Нет, не для рифмы вставил поэт сепаратор и велосипед. Новой нэпманской буржуазии, которой симпатизировал в своих повестях Тверяк, разорение крестьянских хозяйств сулило выгоду. Новая оппозиция тоже хотела бы поднять экономику страны за счёт крестьянина.
После смерти Ленина кооперацию разгромят. Власти не заметят (или пожелают не заметить) общественной основы русского крестьянского хозяйства. Реальный хозяйственный социум заменят колхозом, бригадами, доской почёта и оплатой не по труду. Идеи Кондратьева и Чаянова, принёсшие им мировую известность, забудут. Поэты Пастернак и Тихонов благополучно переживут пушкиноведов в синих шинелях, а крестьянских писателей, жаждавших борьбы за процветание России, в их числе и Васильева, и его оппонента Тверяка, расстреляют. А в 1990-е годы Ельцин, Гайдар, Чубайс и пр. (тоже большевики) перепрячут идею кооперации, коллективного владения землёй и собственностью, в ящик Пандоры для будущих потрясений России… Страну столкнут на путь дикого разбойного криминального капитализма. Понятно, почему в чести вновь окажутся «Хроники» Пастернака, а не романы Клычкова, экономисты Гайдар и Ясин, а не Кондратьев и Чаянов…
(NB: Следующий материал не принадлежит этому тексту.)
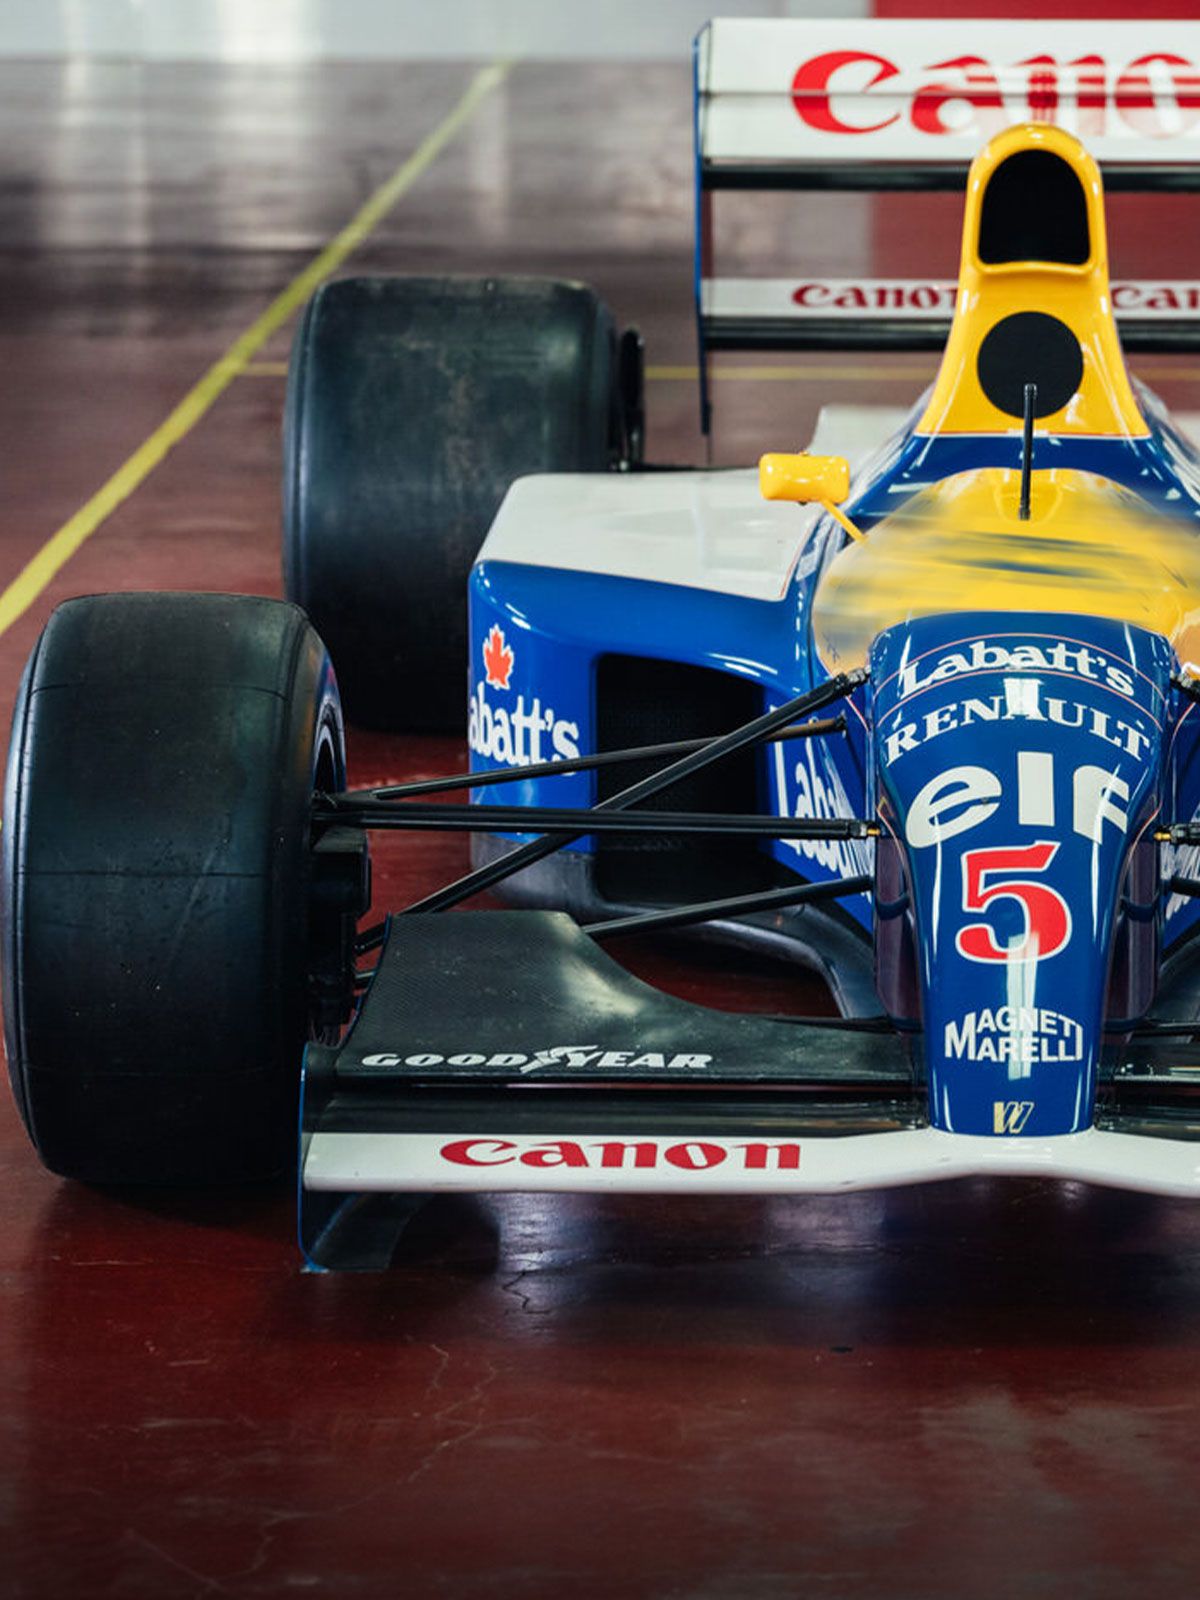 F1® Race Cars For Sale F1 Authentics

Вопрос о земле советская власть так и не решила. Не случайно программа эсеров о земле нашла столько сторонников и среди русского крестьянства и среди писателей. Была она популярна и в Твери в 1920-е – 1930-е годы. Не решён этот вопрос и ныне. Две трети дохода Чубайса, главного распределителя собственности страны, составит в 2010 году тверской куш. Спекулянт не сеял и не пахал, а наварил на перепродаже скупленных во время правления Зеленина тверских земель 140 миллионов рублей! Вот только от трудов этих ни сыра, ни молока, ни масла на столе россиян не прибавилось. А вот нищих и безработных в полку обездоленных прибыло. Земля, оторванная от реальной экономики и реальной жизни, стала предметом банковских спекуляций, зарастает, выходит из хозяйственного оборота.
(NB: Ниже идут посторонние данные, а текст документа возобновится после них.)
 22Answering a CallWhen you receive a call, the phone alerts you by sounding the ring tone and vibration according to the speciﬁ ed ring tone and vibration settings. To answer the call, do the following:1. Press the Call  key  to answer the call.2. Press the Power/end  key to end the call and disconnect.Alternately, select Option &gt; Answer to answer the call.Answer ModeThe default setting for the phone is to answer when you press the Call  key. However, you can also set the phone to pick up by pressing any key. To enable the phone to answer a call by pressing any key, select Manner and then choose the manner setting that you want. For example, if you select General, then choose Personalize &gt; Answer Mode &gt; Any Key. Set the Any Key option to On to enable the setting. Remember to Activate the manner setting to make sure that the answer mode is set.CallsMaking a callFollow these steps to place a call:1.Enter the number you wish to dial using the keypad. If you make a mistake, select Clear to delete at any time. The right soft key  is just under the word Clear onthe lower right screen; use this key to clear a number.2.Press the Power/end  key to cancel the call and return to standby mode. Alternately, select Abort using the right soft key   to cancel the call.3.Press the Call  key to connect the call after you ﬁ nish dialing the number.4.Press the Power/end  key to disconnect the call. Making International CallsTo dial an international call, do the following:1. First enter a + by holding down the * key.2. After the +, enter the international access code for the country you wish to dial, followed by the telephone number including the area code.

Диалоги наши закончились скандалом. Вдруг поднялась женщина с гневным и властным лицом и заговорила голосом, привыкшим отдавать приказы:
— Думала, сюда приходят говорить о литературе, а не болтать о политике. Что вы в ней понимаете? Какое государство строить и какую экономическую модель выбирать для народа, решать не краеведам и писателям. Без вас разберутся, куда страну вести, на то есть руководство, не вам туда соваться. Говори, о чём знаешь и не лезь, куда не нужно!..
Такой отповеди не ждал никто. Воцарилось молчание. Женщина нервно собрала бумажки со стола и с красным от гнева лицом вышла из зала, крепко прихлопнув дверь.
— Кто это? – шёпотом спросил я Степанова.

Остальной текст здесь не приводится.